(Beginning of Recorded information)

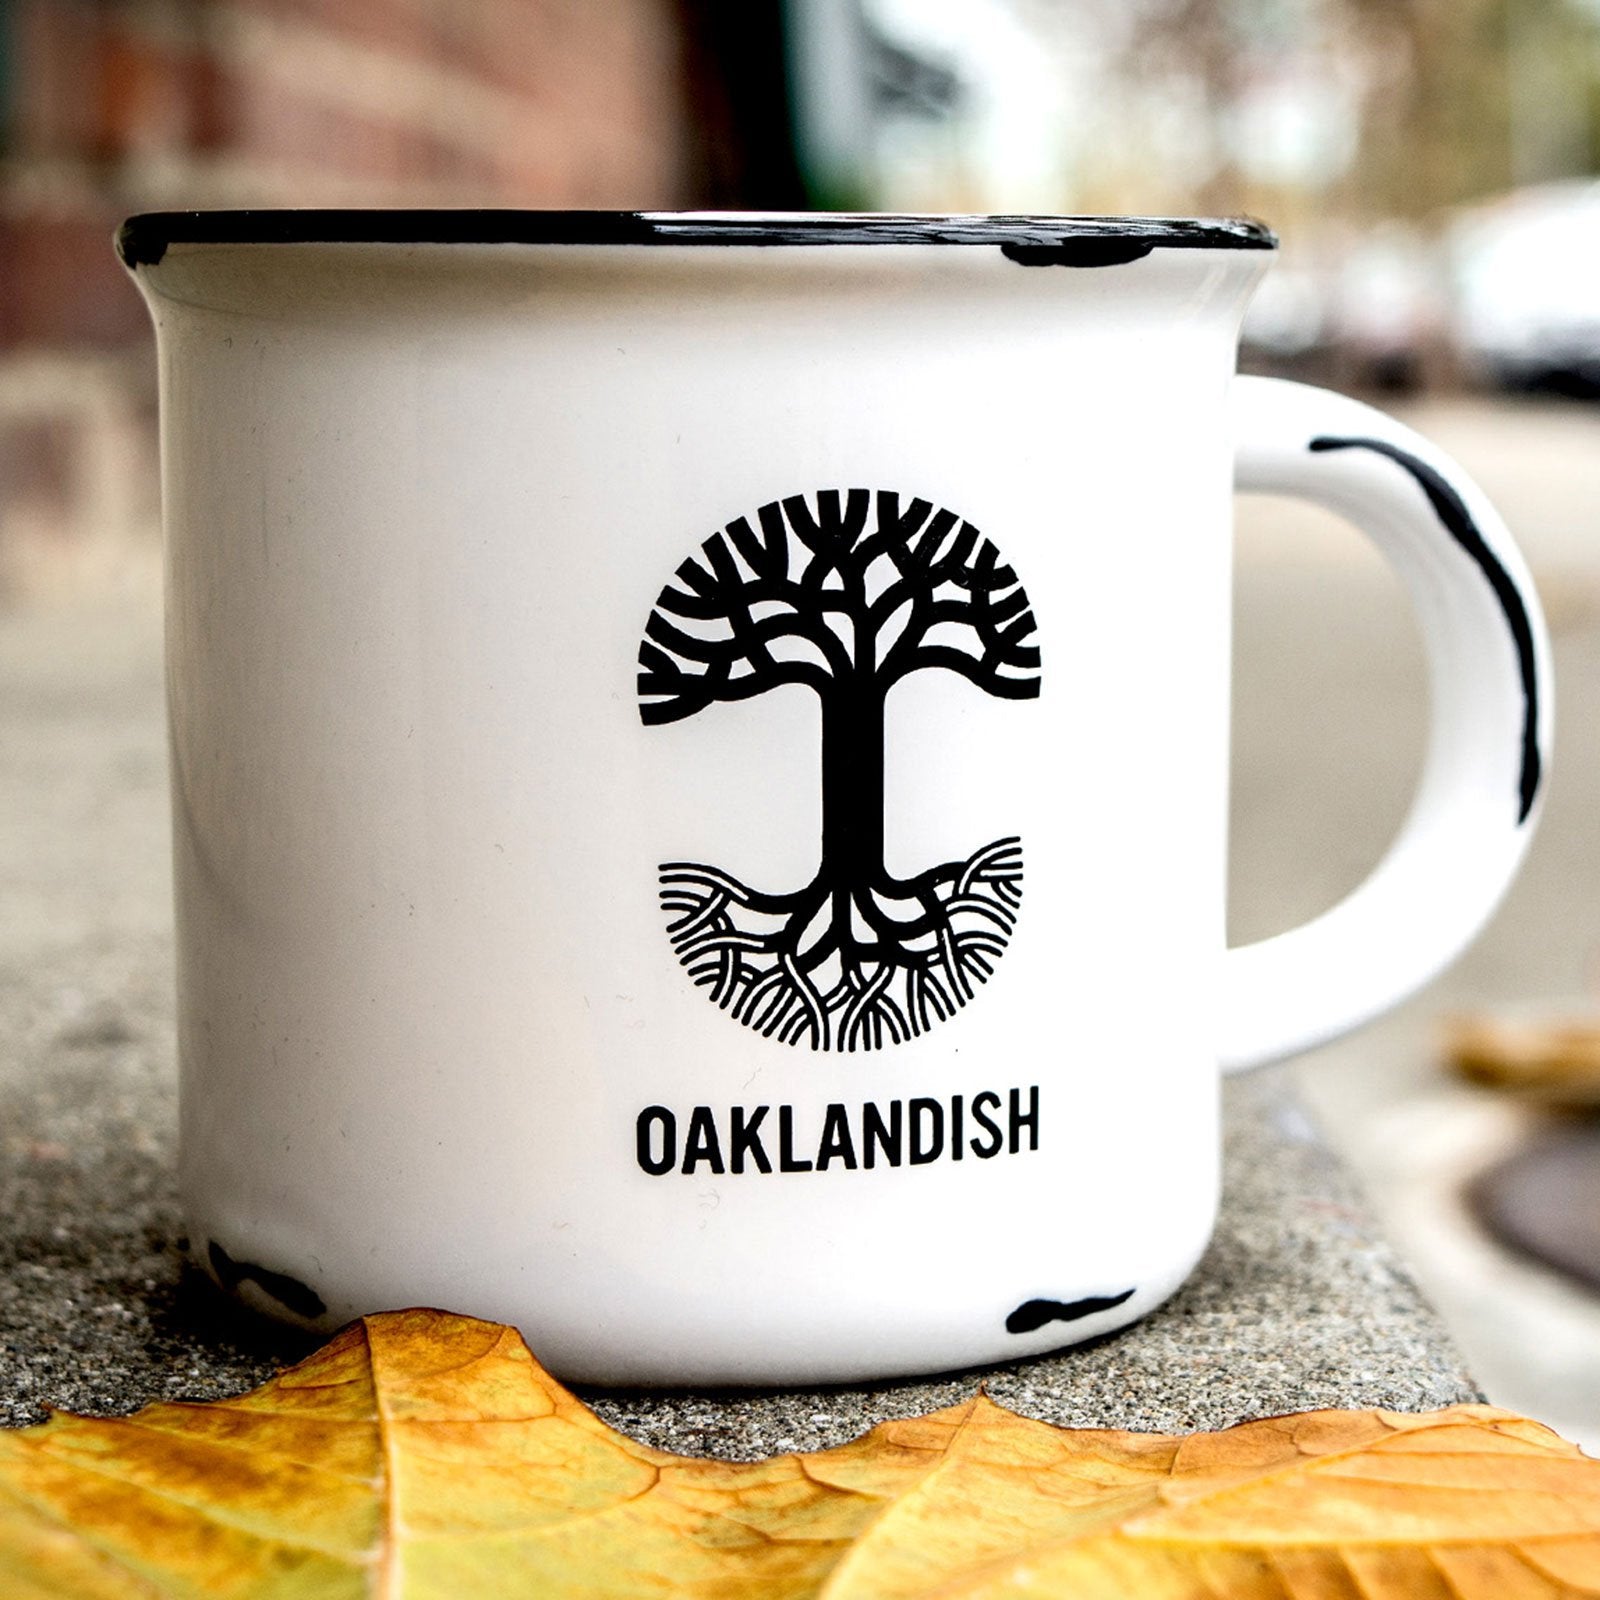 Front view of a white stoneware coffee mug featuring a retro style black Oaklandish tree logo on a cement table with a maple leaf.
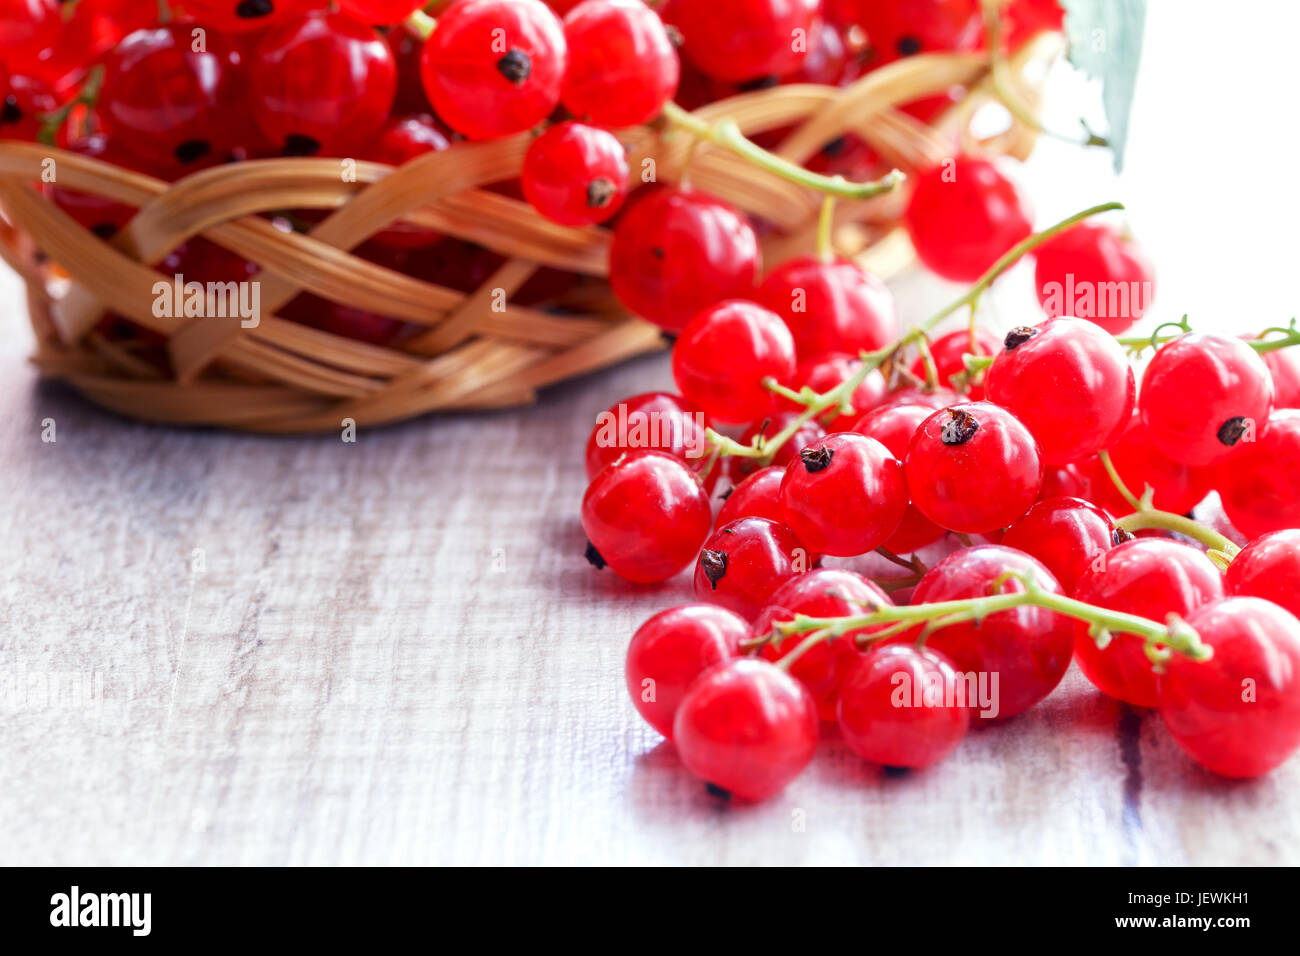 Fruits of red currants on a light background. Close-up Stock Photo
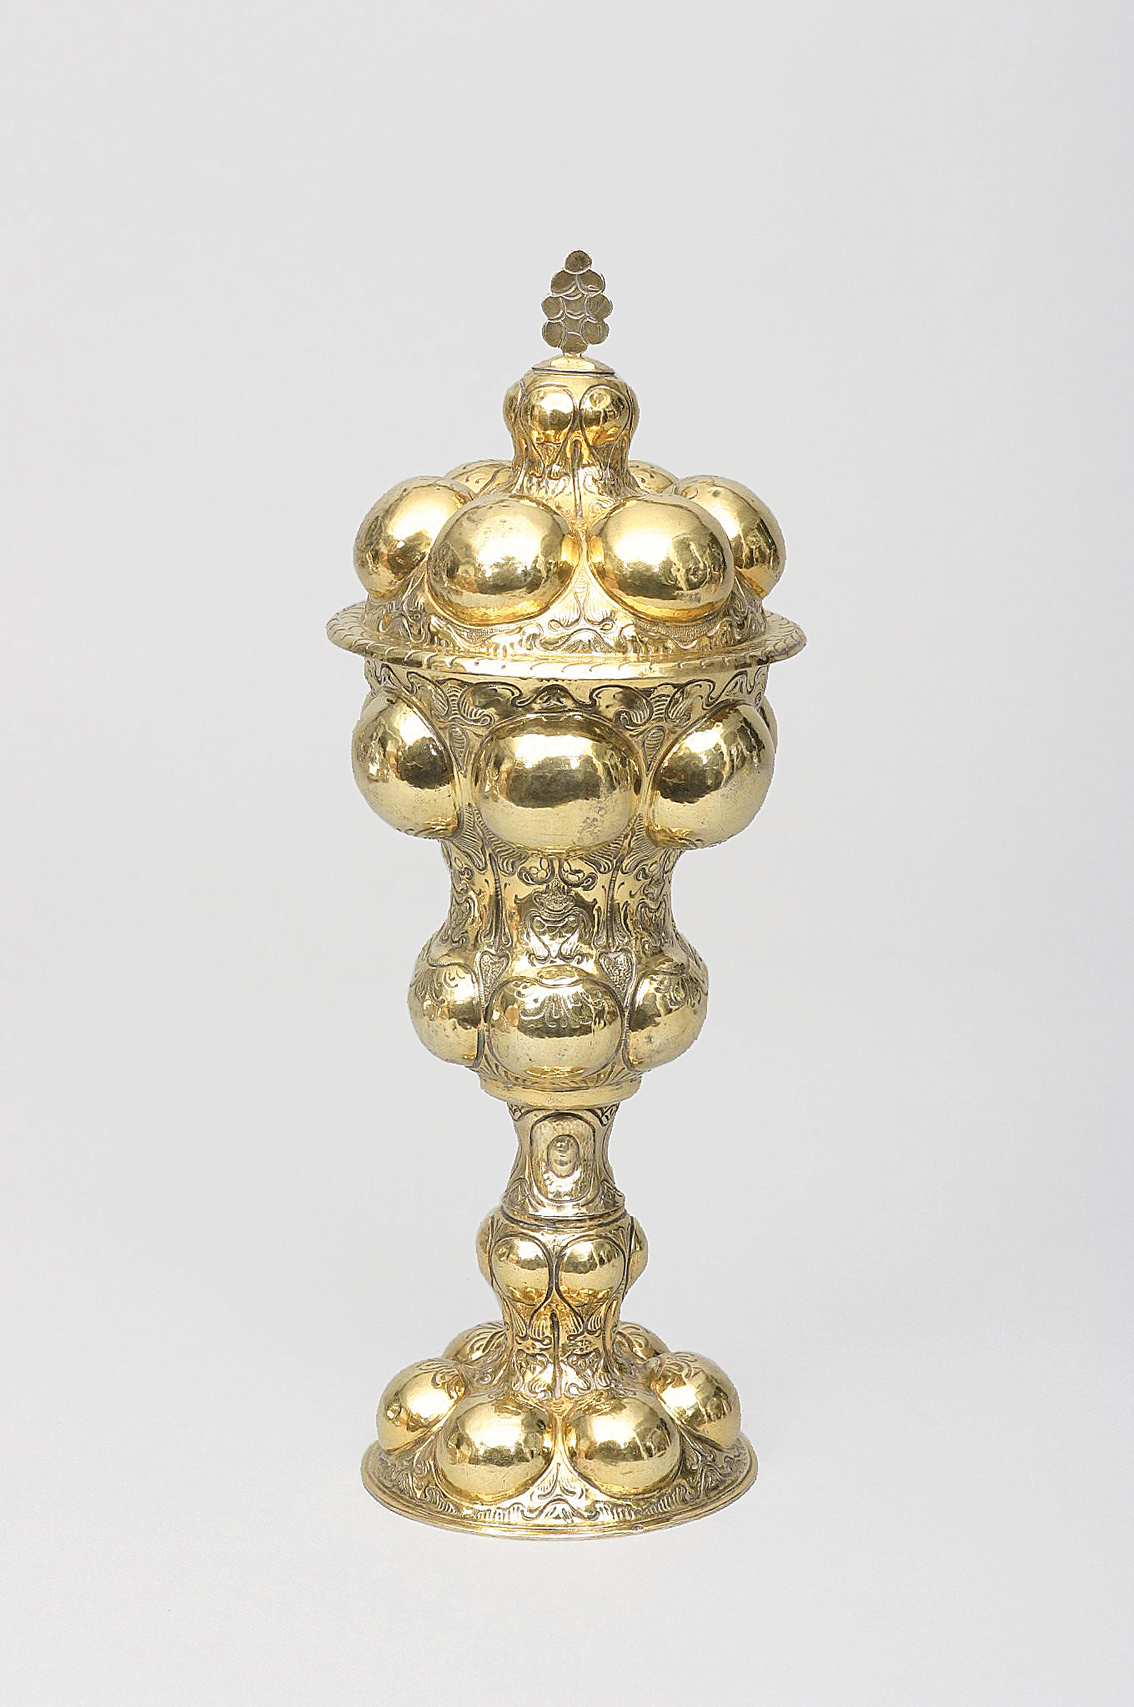 A splendid Baroque goblet with cover

(End of Recorded information)

## [How to complete this task]
Retype all the data exactly, please, without pictures.

## [Exercise result]
 Front view of a white stoneware coffee mug featuring a retro style black Oaklandish tree logo on a cement table with a maple leaf.
 Fruits of red currants on a light background. Close-up Stock Photo
 A splendid Baroque goblet with cover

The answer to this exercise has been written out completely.